I am asked to compute the stationary distribution of the markov chain with state space $E=\mathbb{N}_0$, $q_n >0$ for all $n \in \mathbb{N}_0$ and transition matrix below:
\begin{bmatrix} q_0 & q_1&q_2&q_3 &q_4&q_5&\dots \\ 1 & 0 & \\ & 1 & 0 & & \\ & & 1 & 0 & \\ & & & 1 & 0 & \\ & & & & 1 & 0 \\ & & & & & \ddots &\ddots \\ \end{bmatrix}
I used $\pi P = \pi$ and I also tried the way from my other thread Calculating stationary distribution of markov chain. Letting $g(x) = \sum_{k=0}^n x^k \pi_k$ What I got was:
$\pi_0 = \pi_1 +q_0\pi_0 \\ \pi_1 = \pi_2 +q_1\pi_0 \\ \pi_2 = \pi_3 +q_2\pi_0 \\ \pi_k =\pi_{k+1}+q_k\pi_0 \\ x^k\pi_k =x^k\pi_{k+1}+x^kq_k\pi_0 \\ \sum_{k=0}^{n}x^k\pi_k = \sum_{k=0}^{n}x^{k-1}\pi_{k}+\sum_{k=0}^{n}x^kq_k\pi_0 \\ g(x) =x^{-1}g(x)+\sum_{k=0}^{n}x^kq_k\pi_0$
and also
$\pi_0=\frac{1}{1-q_0}\pi_1 \\ \pi_1 =\pi_0(1-q_0) \\ \pi_2 =\pi_0(1-q_0-q_1) \\ \pi_3 =\pi_0(1-q_0-q_1-q_2) \\\pi_n = \pi_0(1-\sum_{k=0}^{n-1}q_k) \\$
I tried fiddling with it here and there but I cant seem to get anywhere to finish this problem. i.e.
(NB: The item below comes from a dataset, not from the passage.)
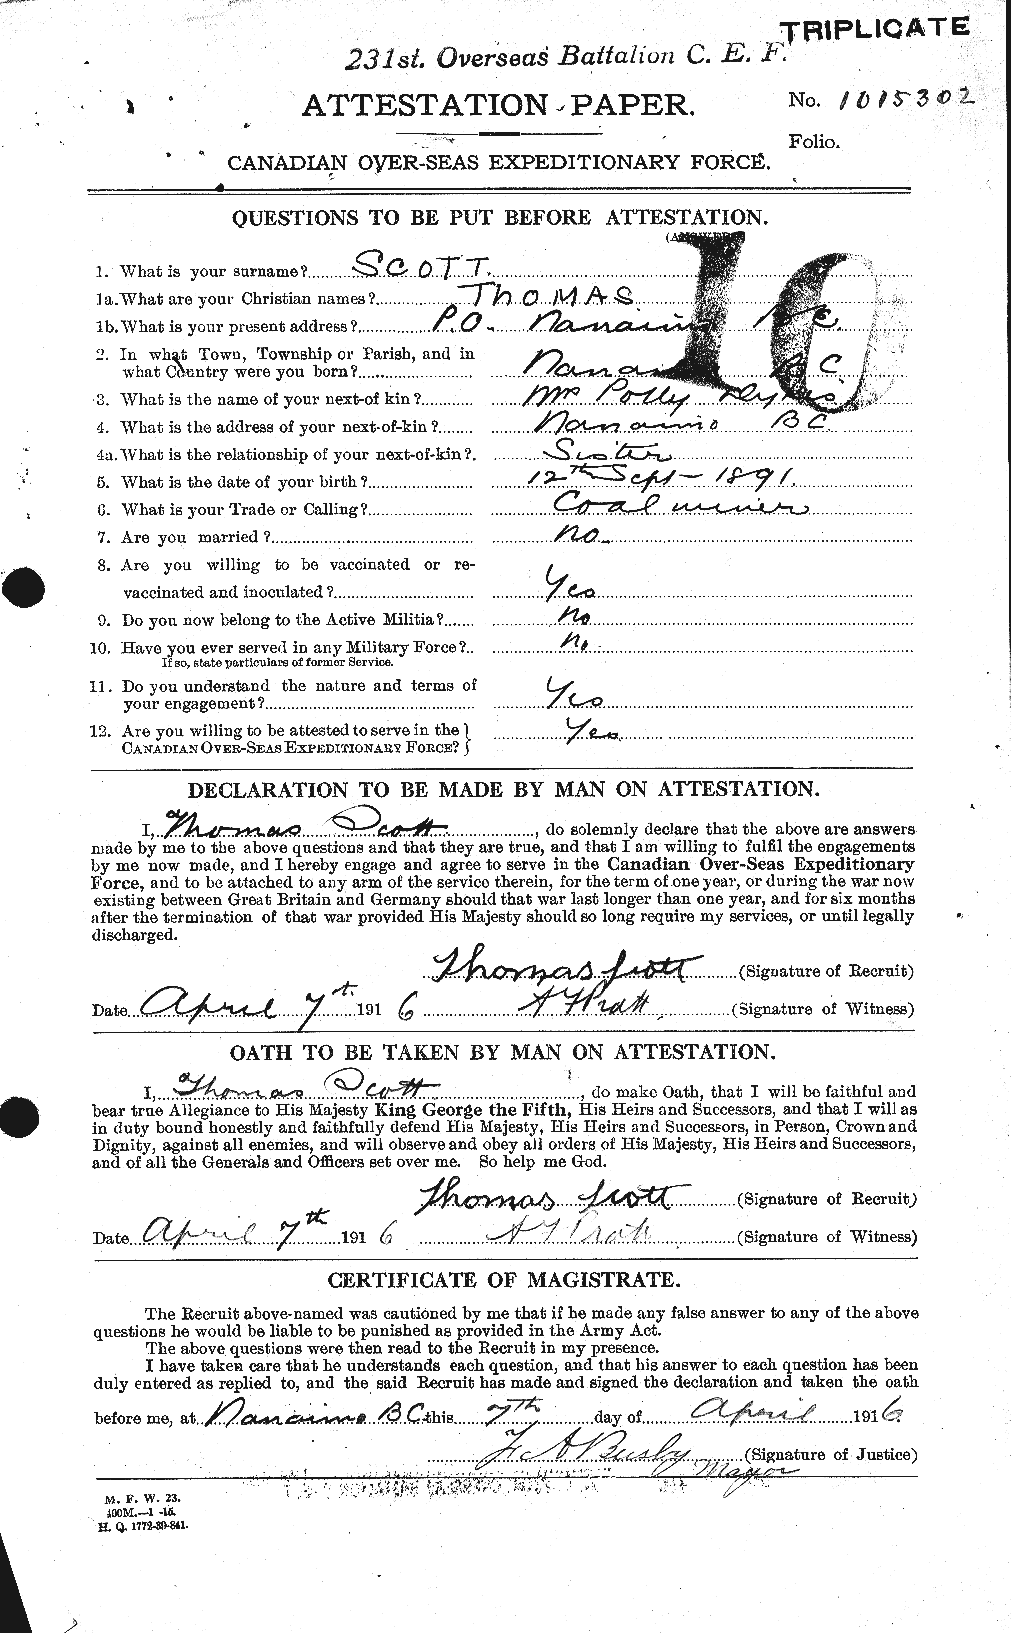 Dossiers du Personnel de la Première Guerre mondiale - CEC 088533a

I can't seem to find $\pi_k$ for all $k \in E=\{0,\dots,n\}$. How would I finish this problem?
Edit: $\pi_n = \pi_0(1-\sum_{k=0}^{n-1}q_k) \\ \sum_{n=0}^{\infty}\pi_n =1 \\ \sum_{n=0}^{\infty}\pi_0(1-\sum_{k=0}^{n-1}q_k) =1 \\ \pi_0 = \frac{1}{\sum_{n=0}^{\infty}(1-\sum_{k=0}^{n-1}q_k)} = \frac{1}{(1-q_0)+(1-q_o-q_1)+(1-q_0-q_1-q_2)+\dots}$
Looking at @BrianMScott 's comment, how do I get the bottom line to simplify to $\sum_{k\ge 0}(k+1)q_k$? /To simplify the last line above?